Tuesday, April 22, 2014

Theodore Waitt: Finding Purpose in All Things Electric

Theodore "Ted" Waitt is the co-founder and former CEO and chairman of Gateway, Inc., helping revolutionize how people used technology by pioneering the use of direct marketing in selling personal computers. Dubbed a maverick by various business publications, Waitt has moved on to start different enterprises after Gateway, Inc., including the Waitt Foundation, Waitt Institute for Violence Prevention, the Waitt Institute, and the wholly-owned private investment company with wide-ranging interests, Avalon Capital Group, Inc.

Through the foundation, Waitt was able to become one of the 50 most generous philanthropists in America, a distinction credited from a list released by Business Week. He was also the chairman for the Family Violence Prevention Fund's Founding Fathers campaign and currently serves as a member of the Council of Advisors and the Board of Trustees of the National Geographic Society while also the vice-chairman for the Salk Institute for Biological Studies Board of Trustees.

Ted Waitt was born in Sioux City in Iowa in 1963, the son of a fourth-generation cattleman. He went to the Universities of Iowa and Colorado and worked for nine months in the PC industry back in Des Moines, Iowa. In 1985, Waitt and Mike Hammond co-founded Gateway while on the Waitt family farm. With $10,000 from a loan Waitt's grandfather secured, the two grew Gateway from the ground up, turning an idea born in a barn into a Fortune 500 company.

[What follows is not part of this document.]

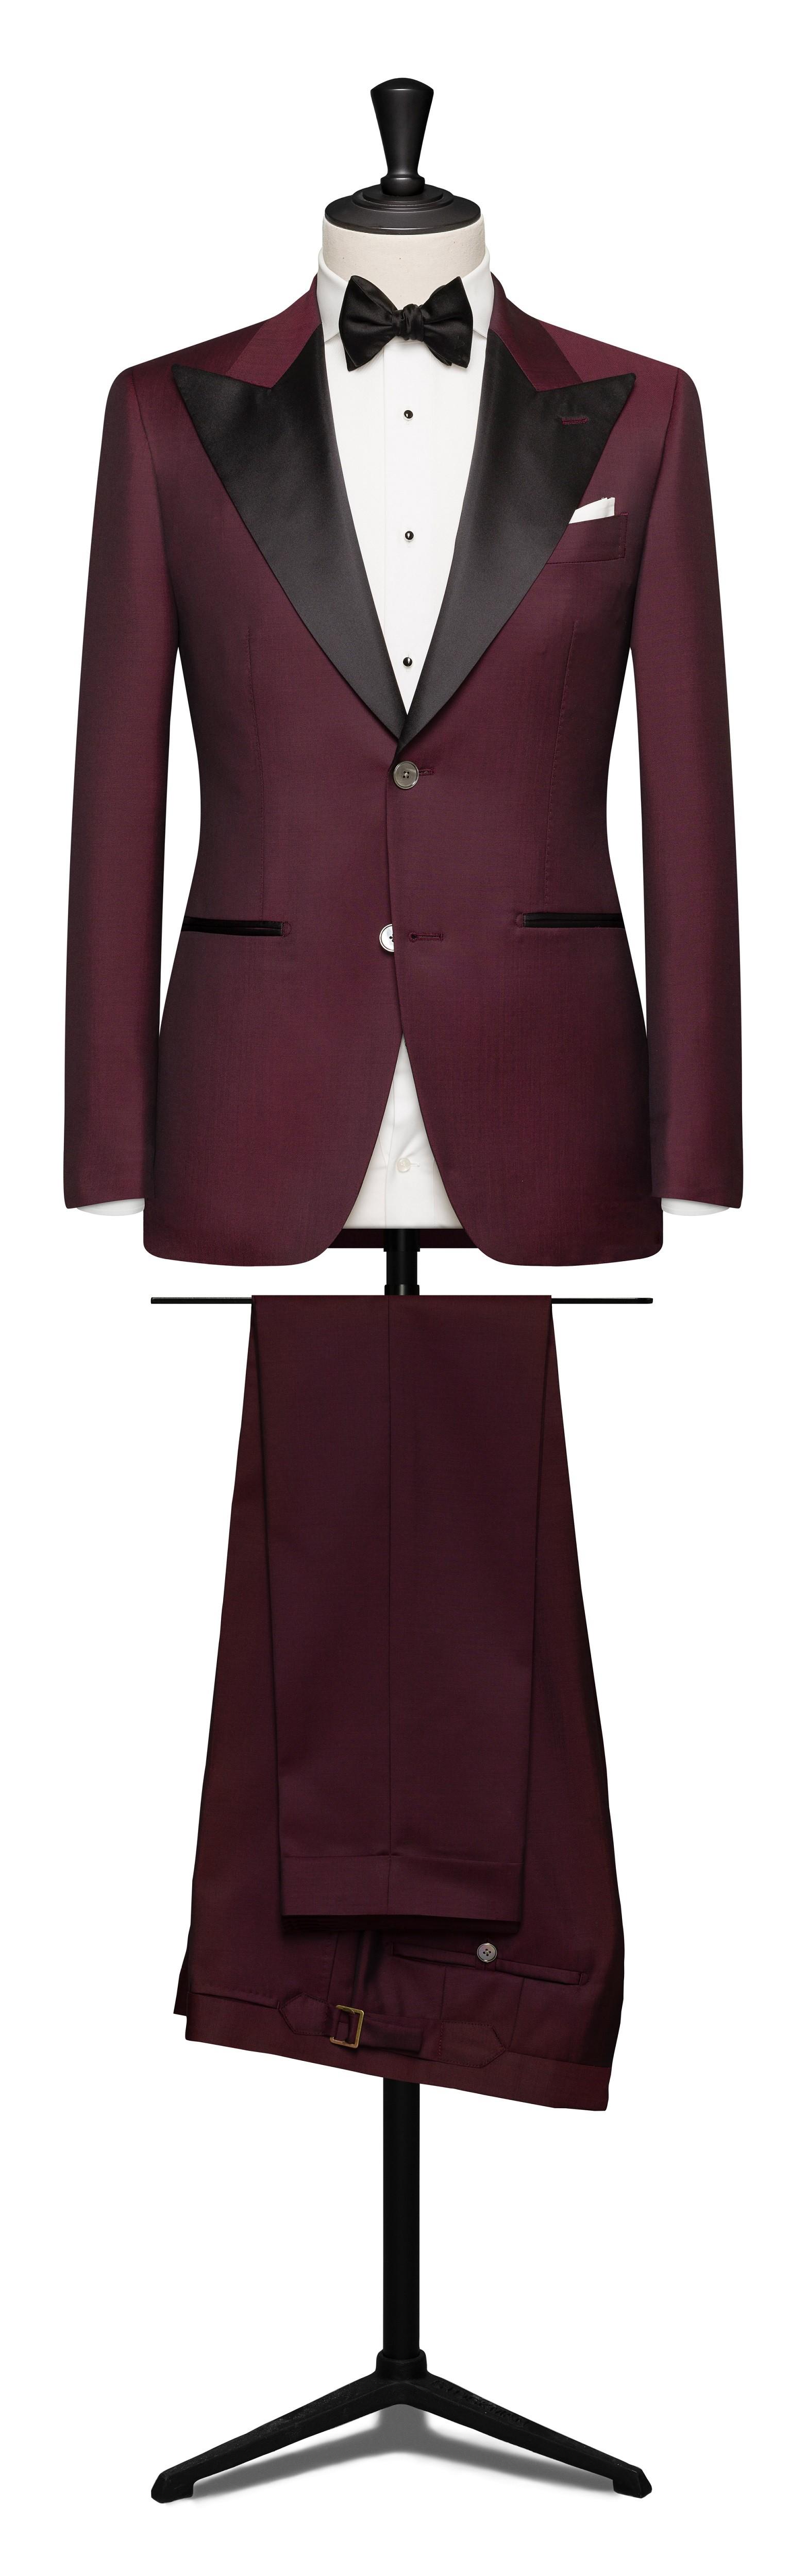 Ultimate burgundy wedding dinner suit

As the years passed, Waitt collected a number of accolades, including: the Young Entrepreneur of the Year Award given by the US Small Business Association; two Ernst and Young Entrepreneur of the Year awards; a Ten Outstanding Young Americans award from the US Junior Chamber of Commerce, and a Marketing Computers Marketer of the Year. He also as an Honorary Doctorate in Science from the University of South Dakota and was appointed by Congress to participate in the Advisory Commission on Electronic Commerce.